(Beginning of Dataset extract)

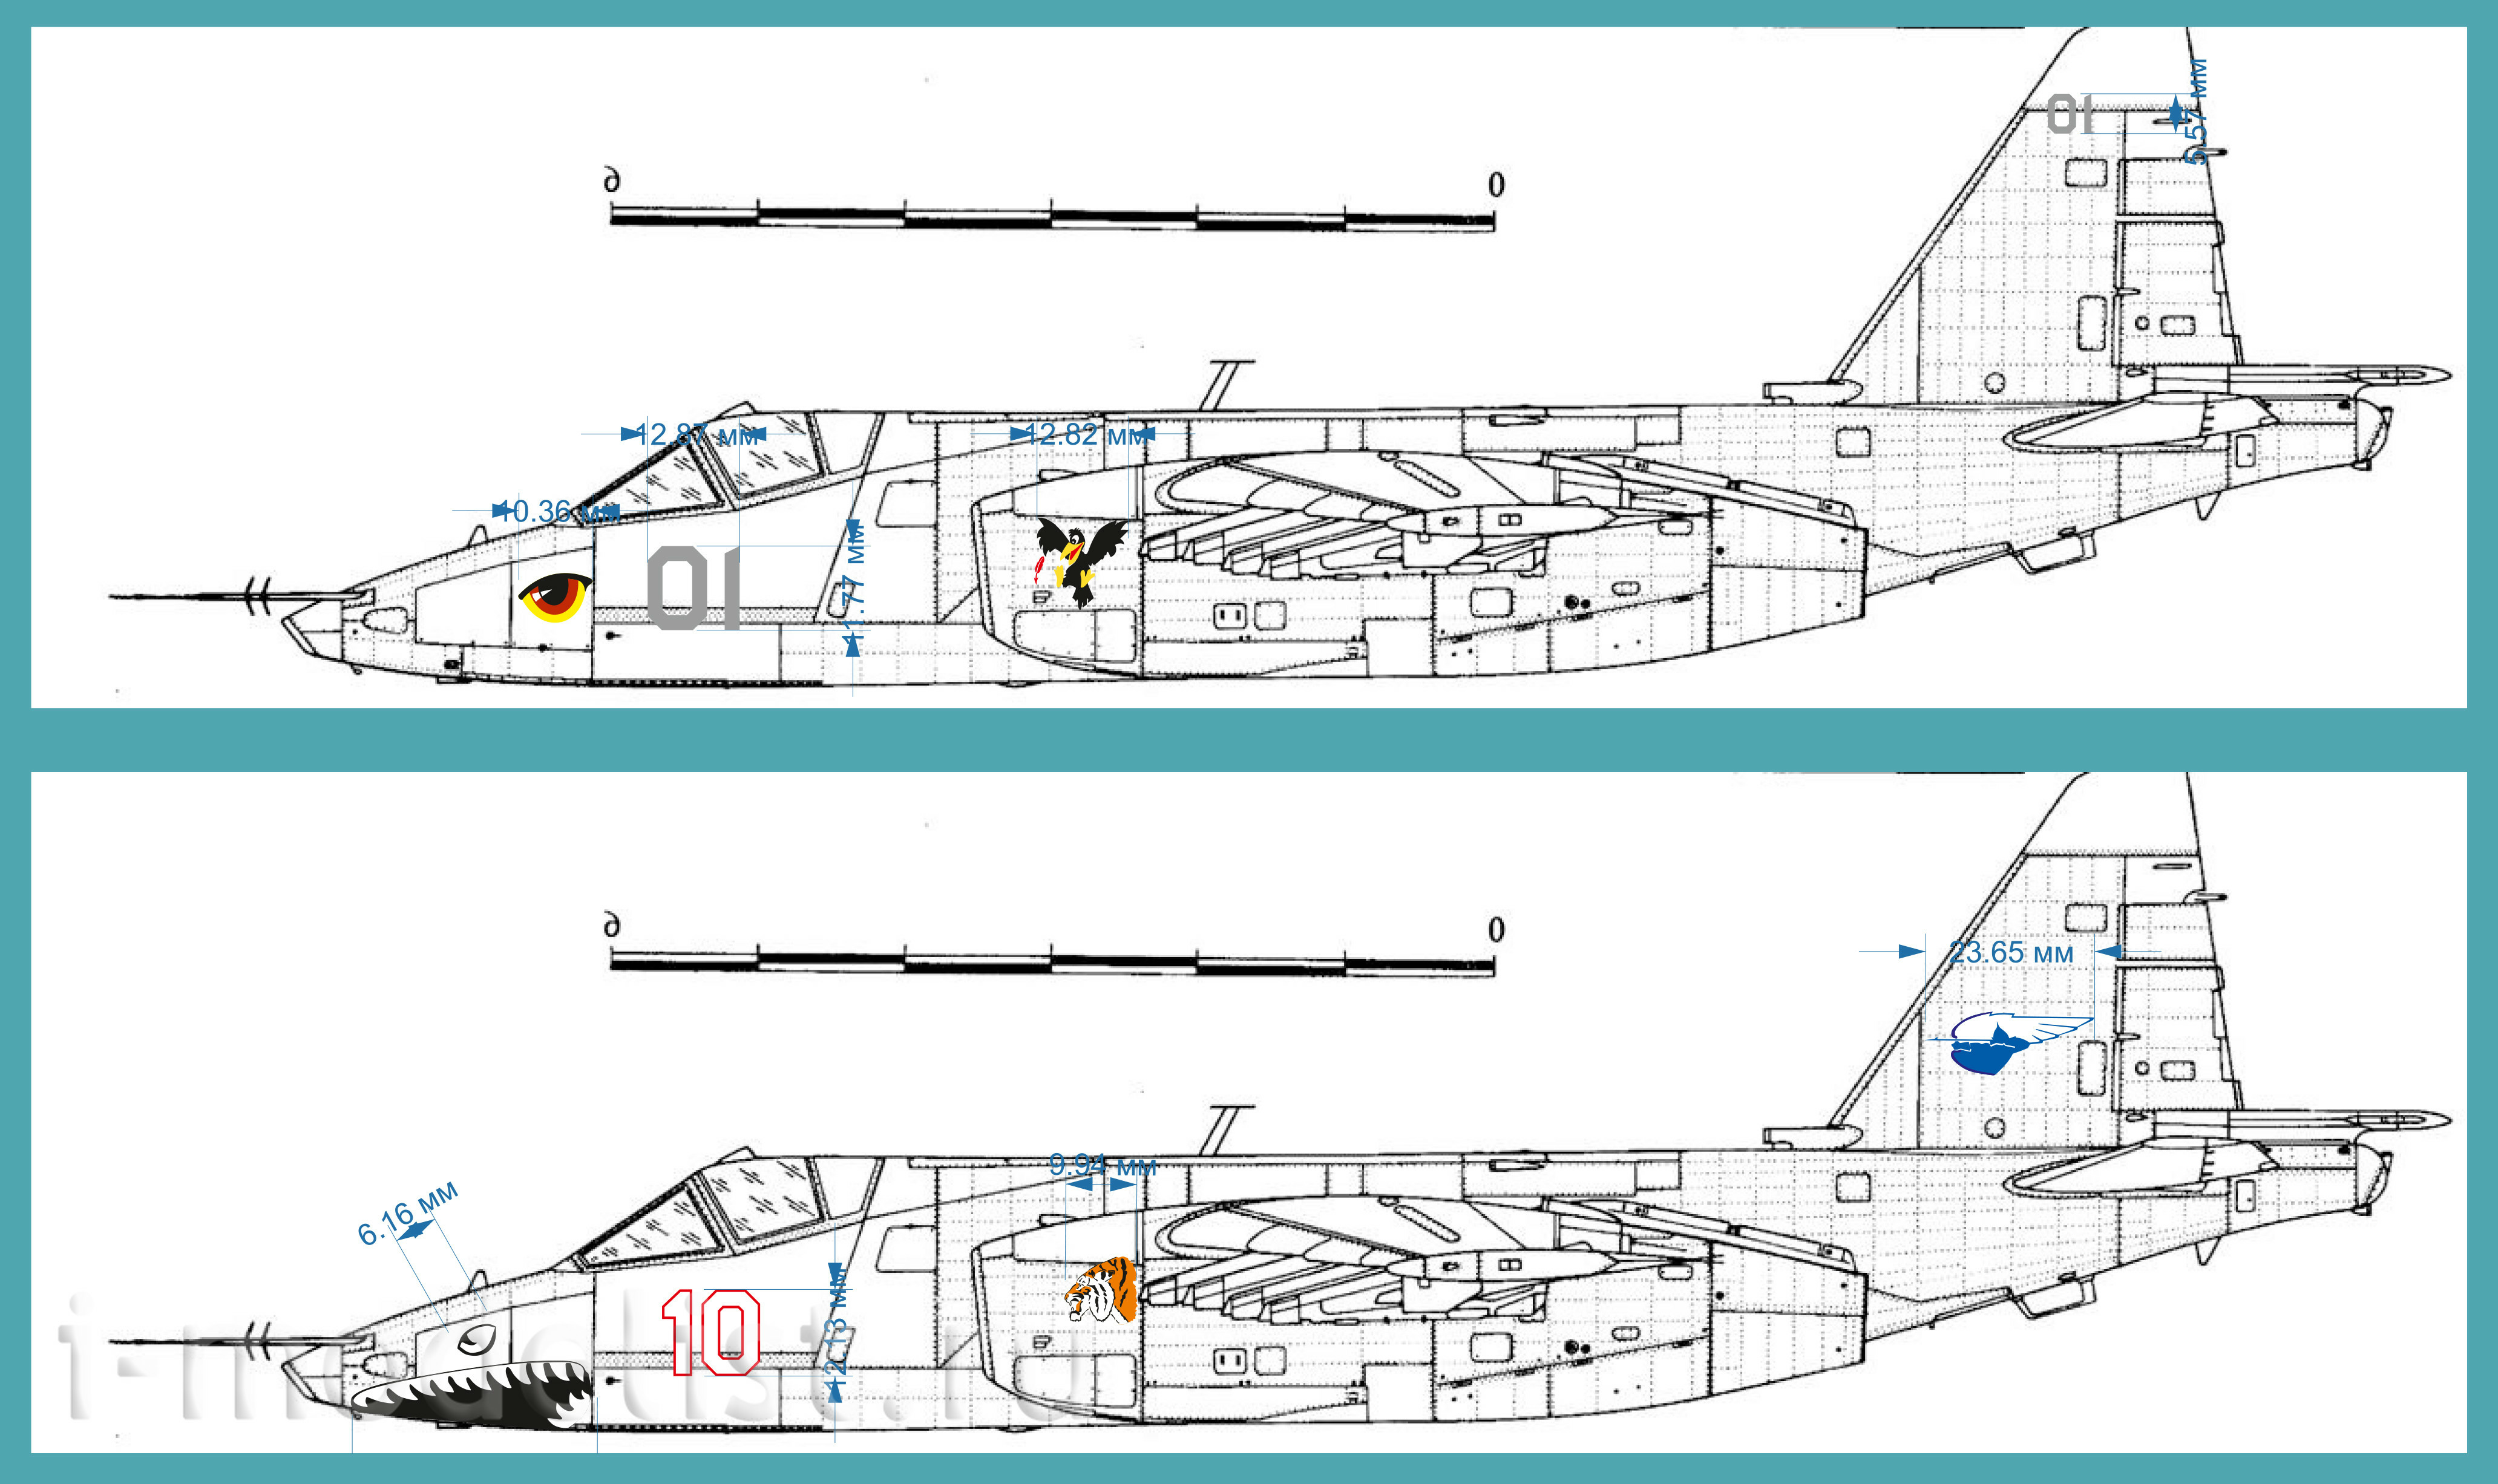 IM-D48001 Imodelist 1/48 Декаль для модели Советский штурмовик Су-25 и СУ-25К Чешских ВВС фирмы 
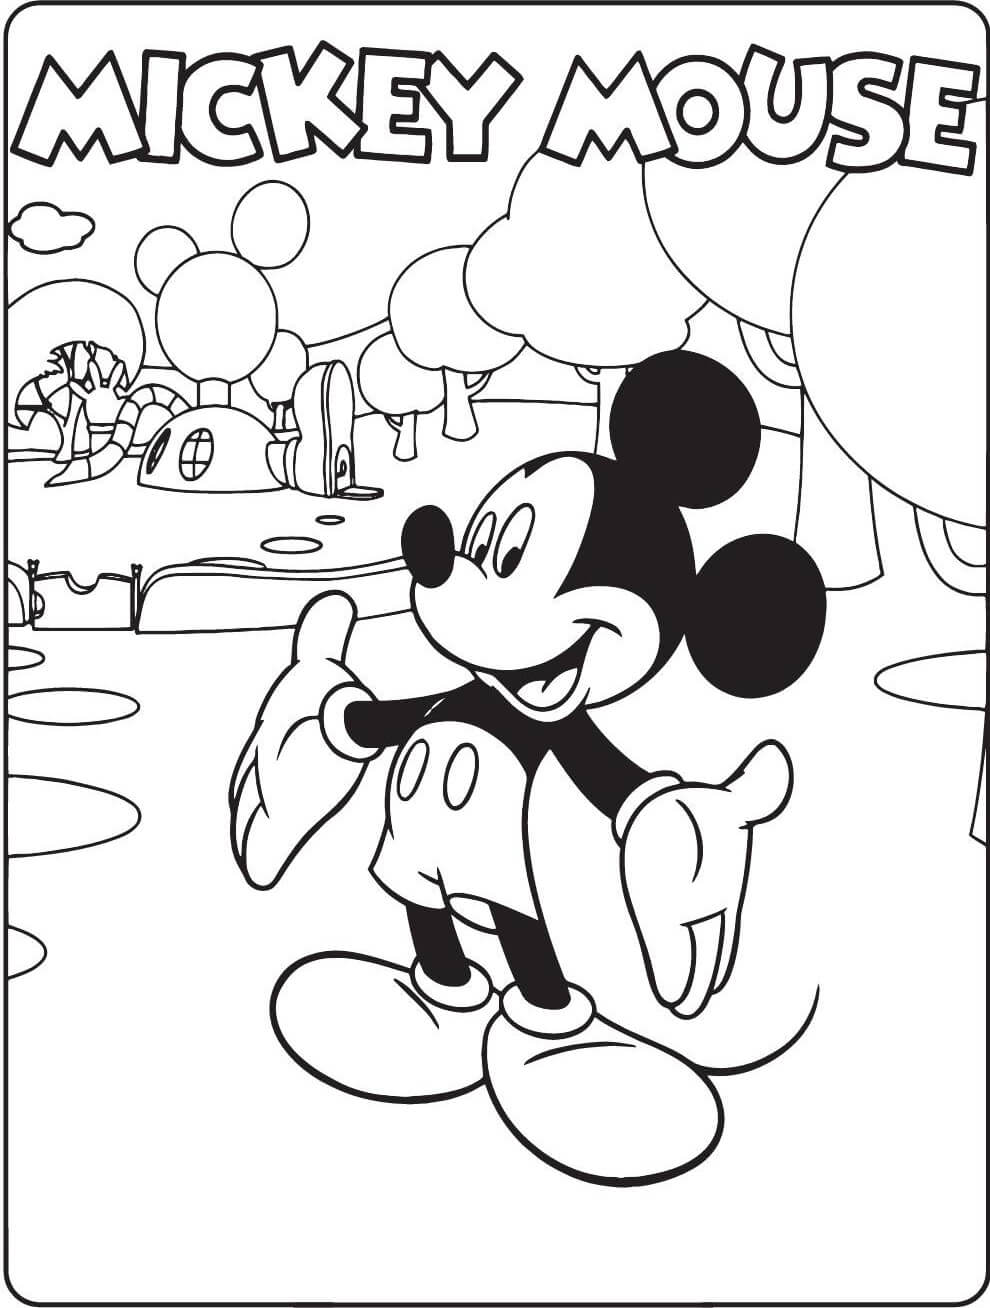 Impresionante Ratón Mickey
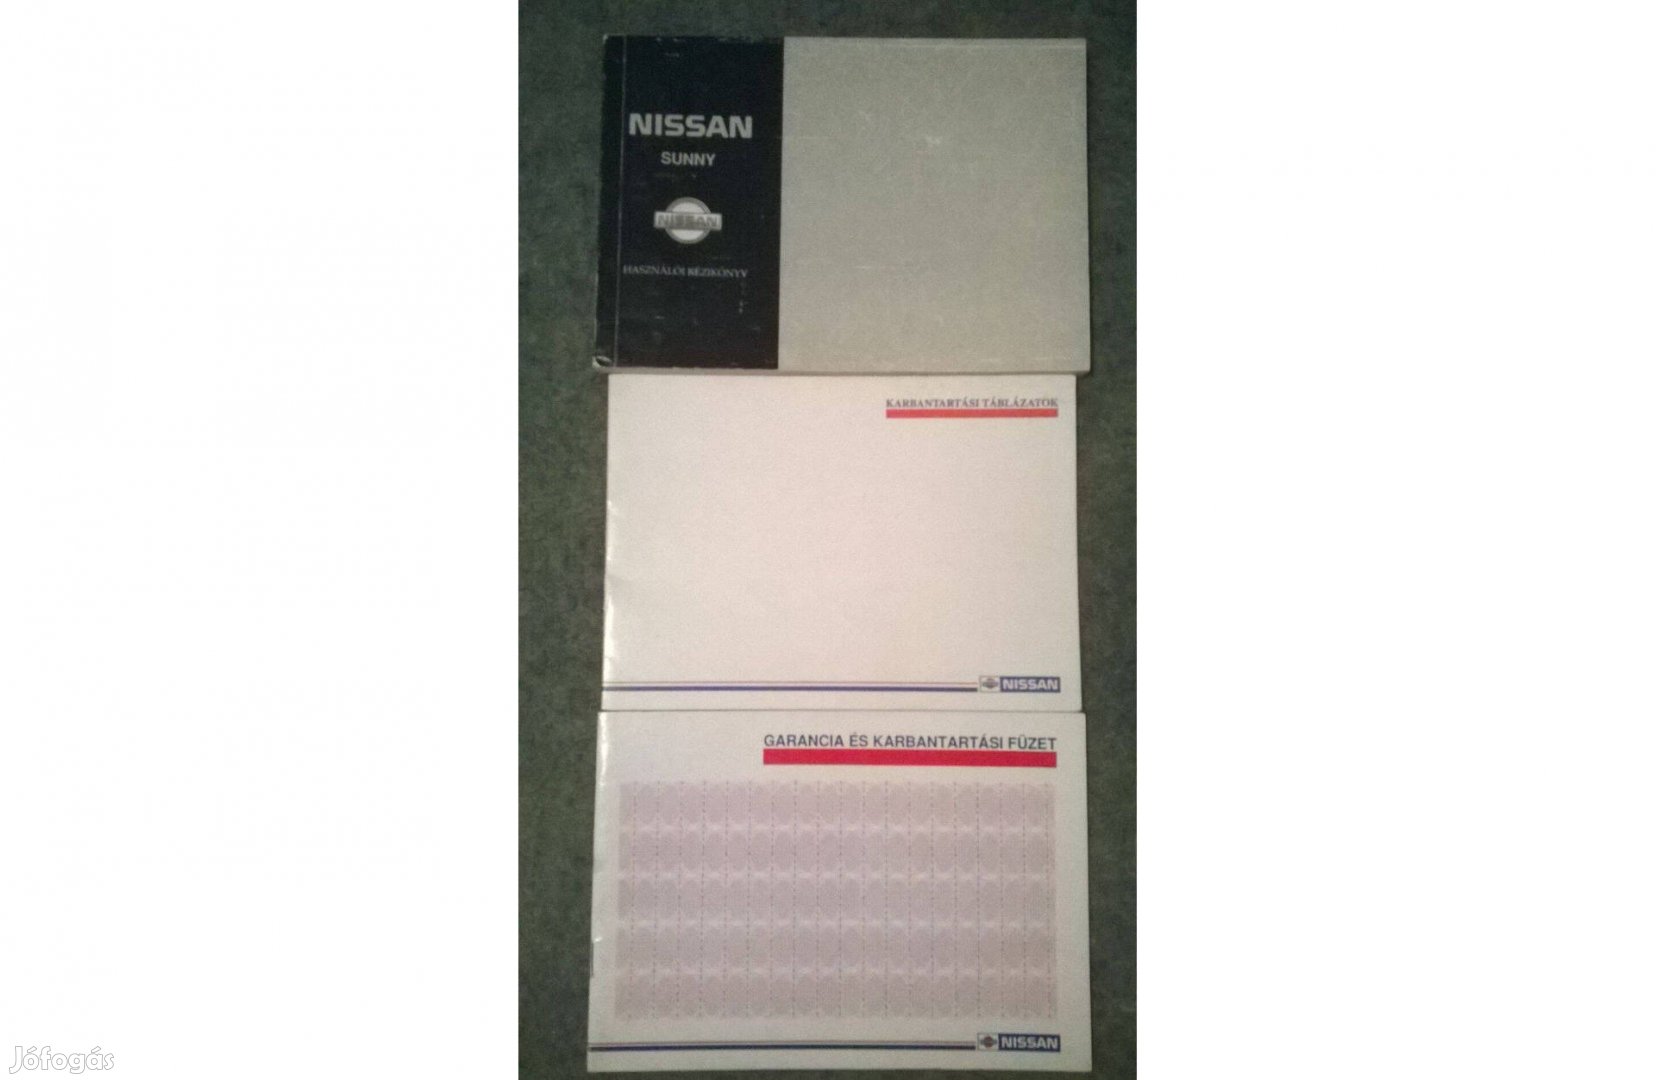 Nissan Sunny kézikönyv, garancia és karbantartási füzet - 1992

(End of Dataset extract)

**The problem:**
Leave the pictures out and copy exactly the lines from the one that holds "Impresionante Ratón Mickey" through the last line of the material.

**Solution to the problem:**
 Impresionante Ratón Mickey
 Nissan Sunny kézikönyv, garancia és karbantartási füzet - 1992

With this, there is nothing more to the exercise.